→ **WHAT YOU HAVE TO DO**
Would you return the listing that follows exactly, leaving its pictures behind?

→ **INFORMATION SUPPLIED**
· · · ·
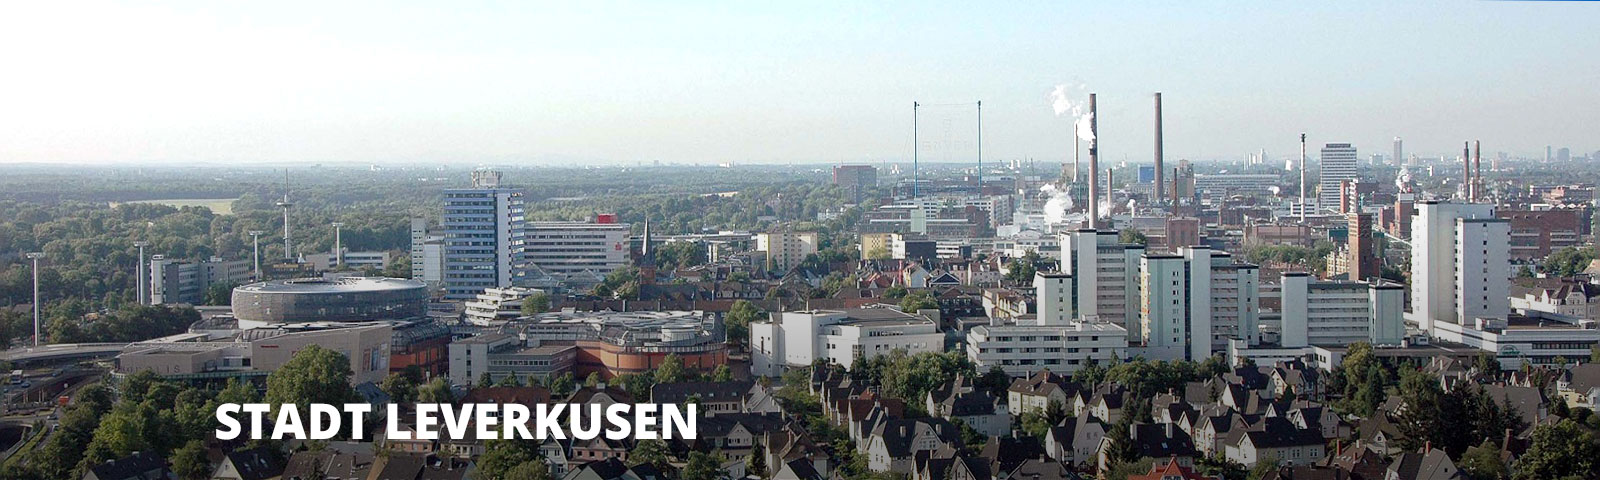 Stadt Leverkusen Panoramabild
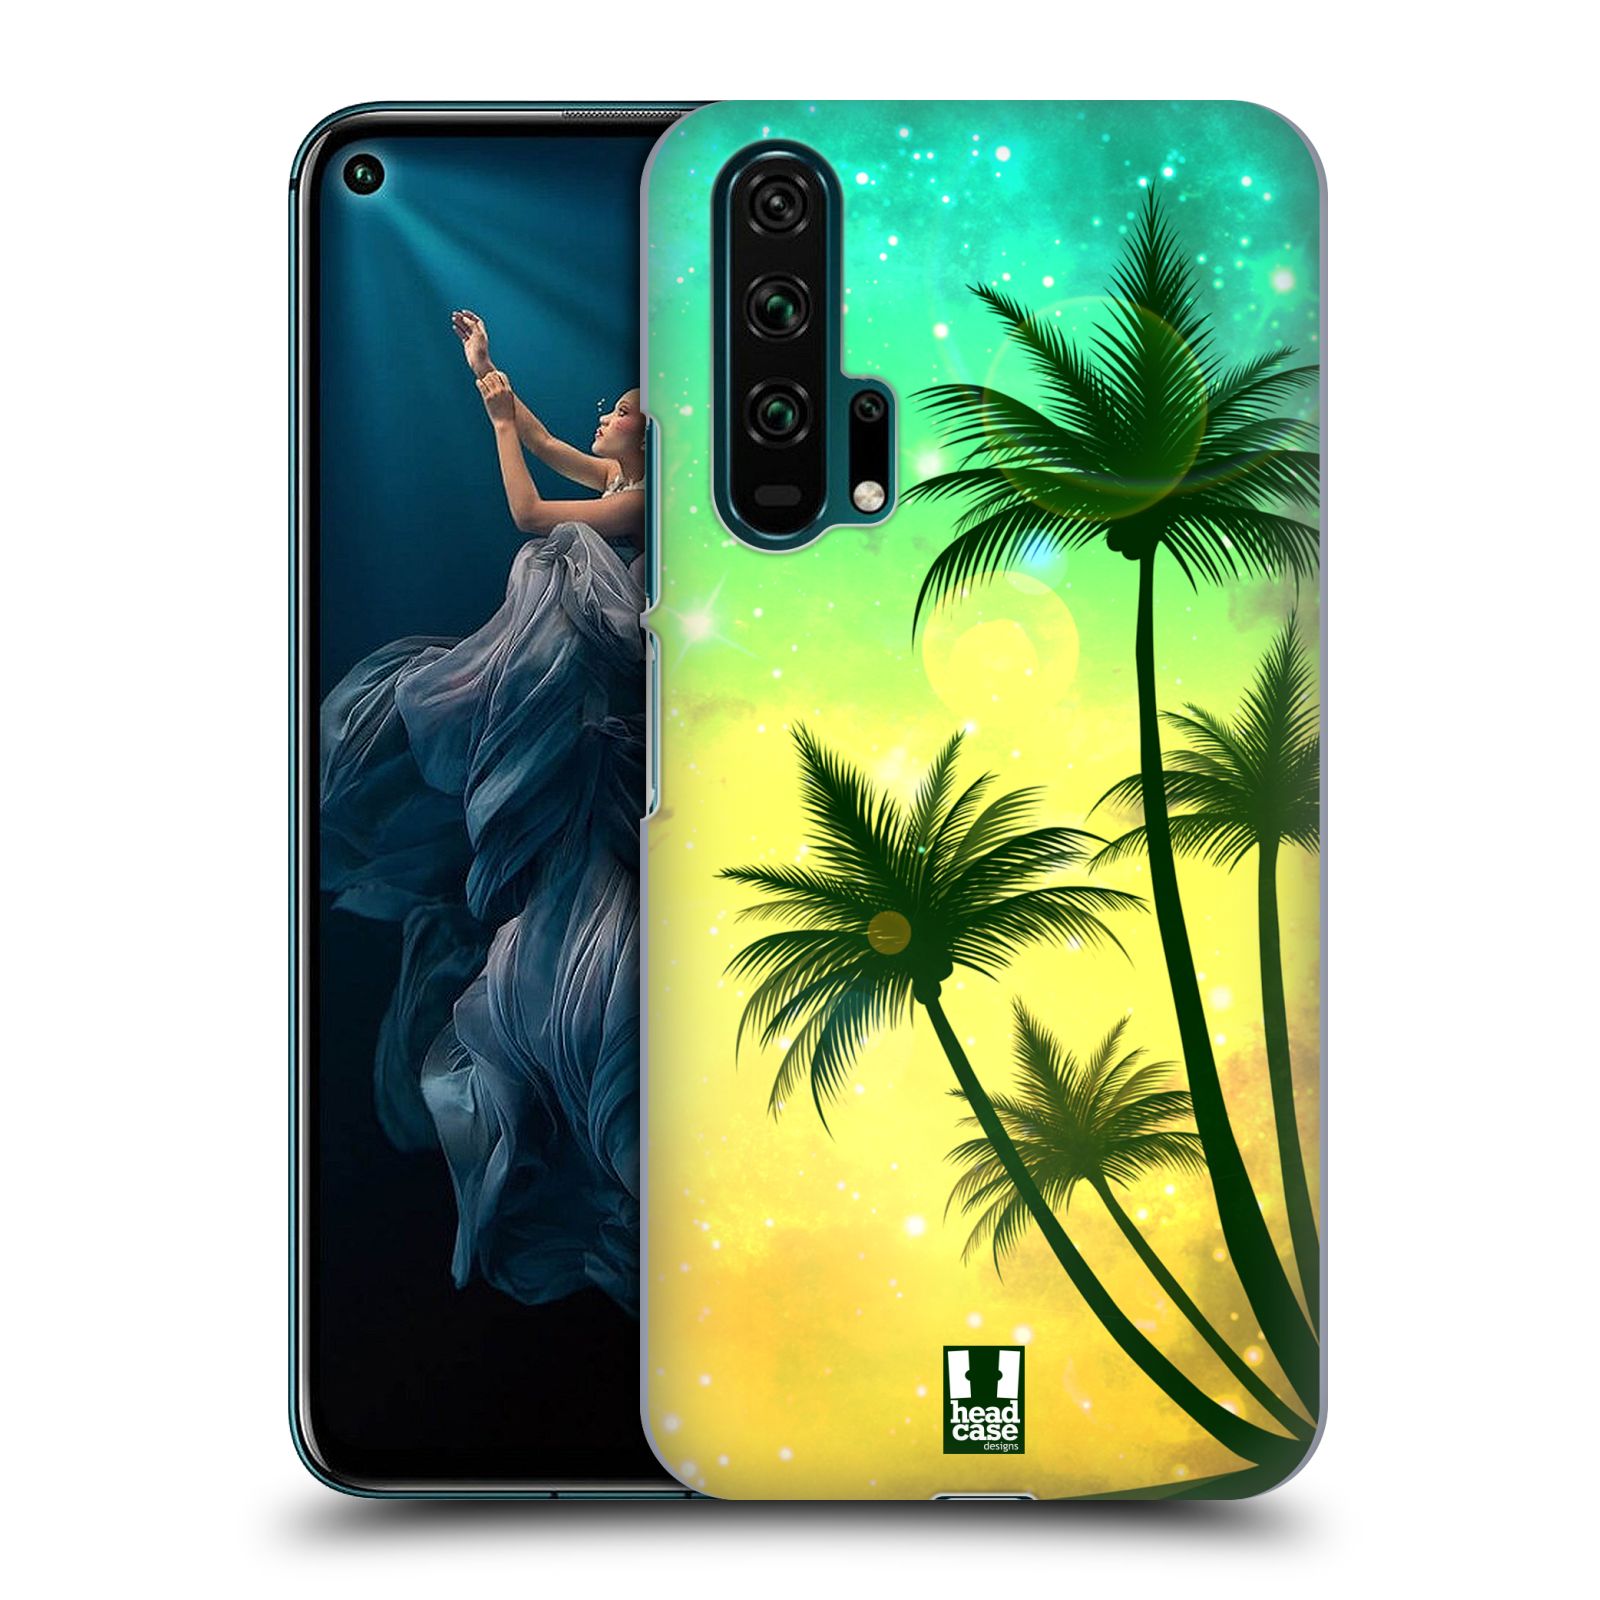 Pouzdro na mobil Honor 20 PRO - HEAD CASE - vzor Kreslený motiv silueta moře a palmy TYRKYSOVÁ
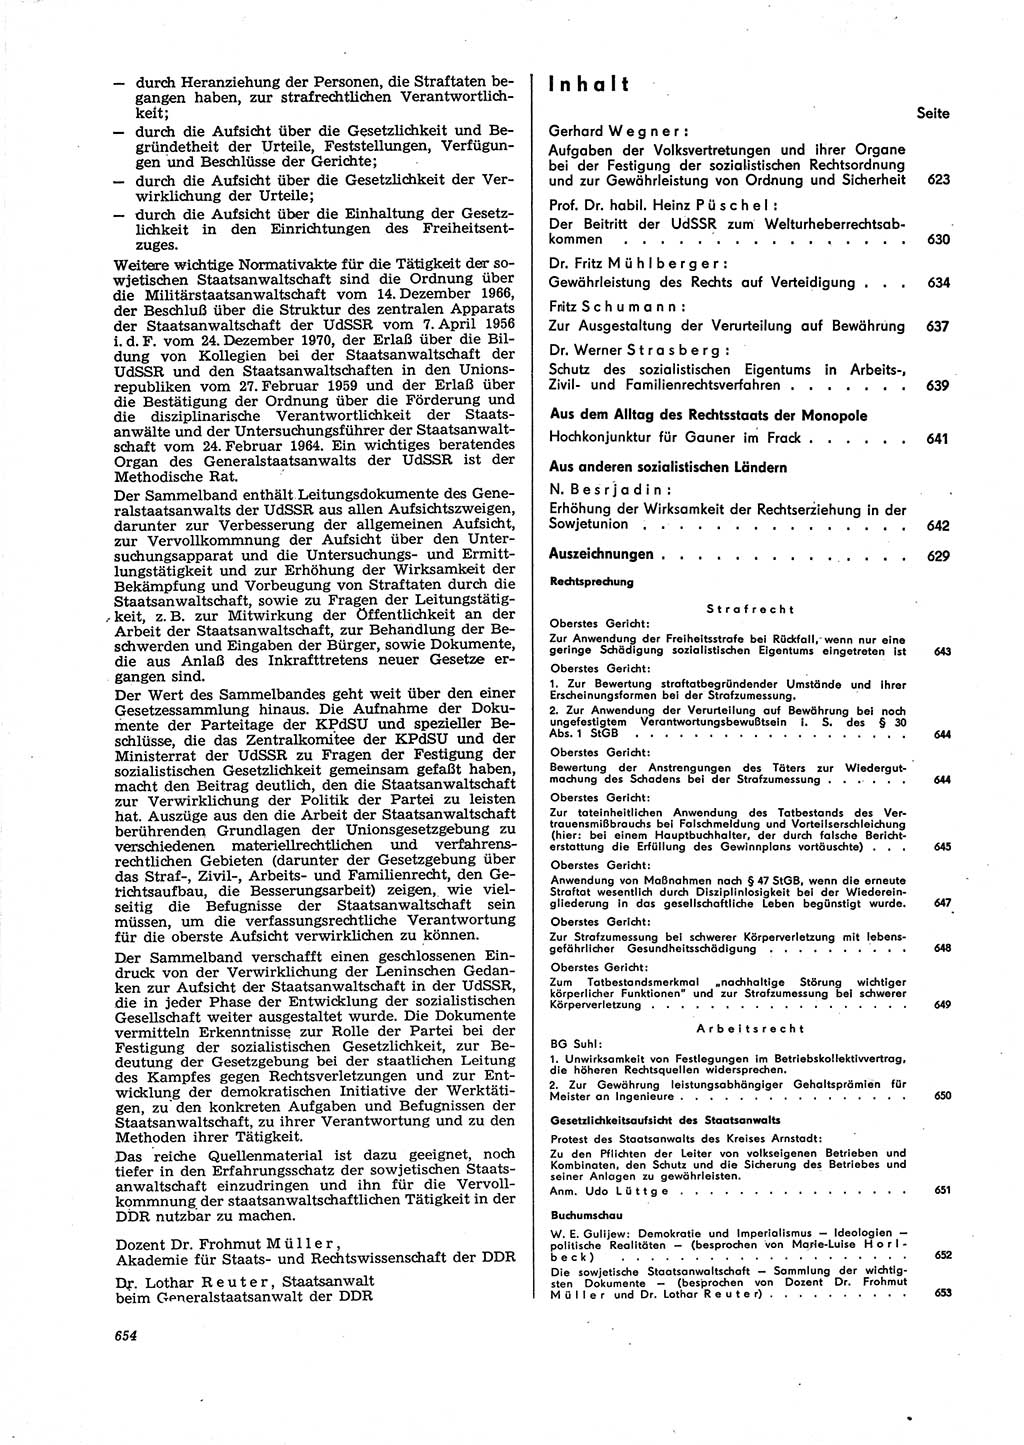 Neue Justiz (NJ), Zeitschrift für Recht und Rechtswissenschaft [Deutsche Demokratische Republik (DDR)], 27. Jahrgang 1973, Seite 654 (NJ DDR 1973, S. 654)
· · · ·
→ **FINISHED EXERCISE**
 Stadt Leverkusen Panoramabild
 Pouzdro na mobil Honor 20 PRO - HEAD CASE - vzor Kreslený motiv silueta moře a palmy TYRKYSOVÁ
 Neue Justiz (NJ), Zeitschrift für Recht und Rechtswissenschaft [Deutsche Demokratische Republik (DDR)], 27. Jahrgang 1973, Seite 654 (NJ DDR 1973, S. 654)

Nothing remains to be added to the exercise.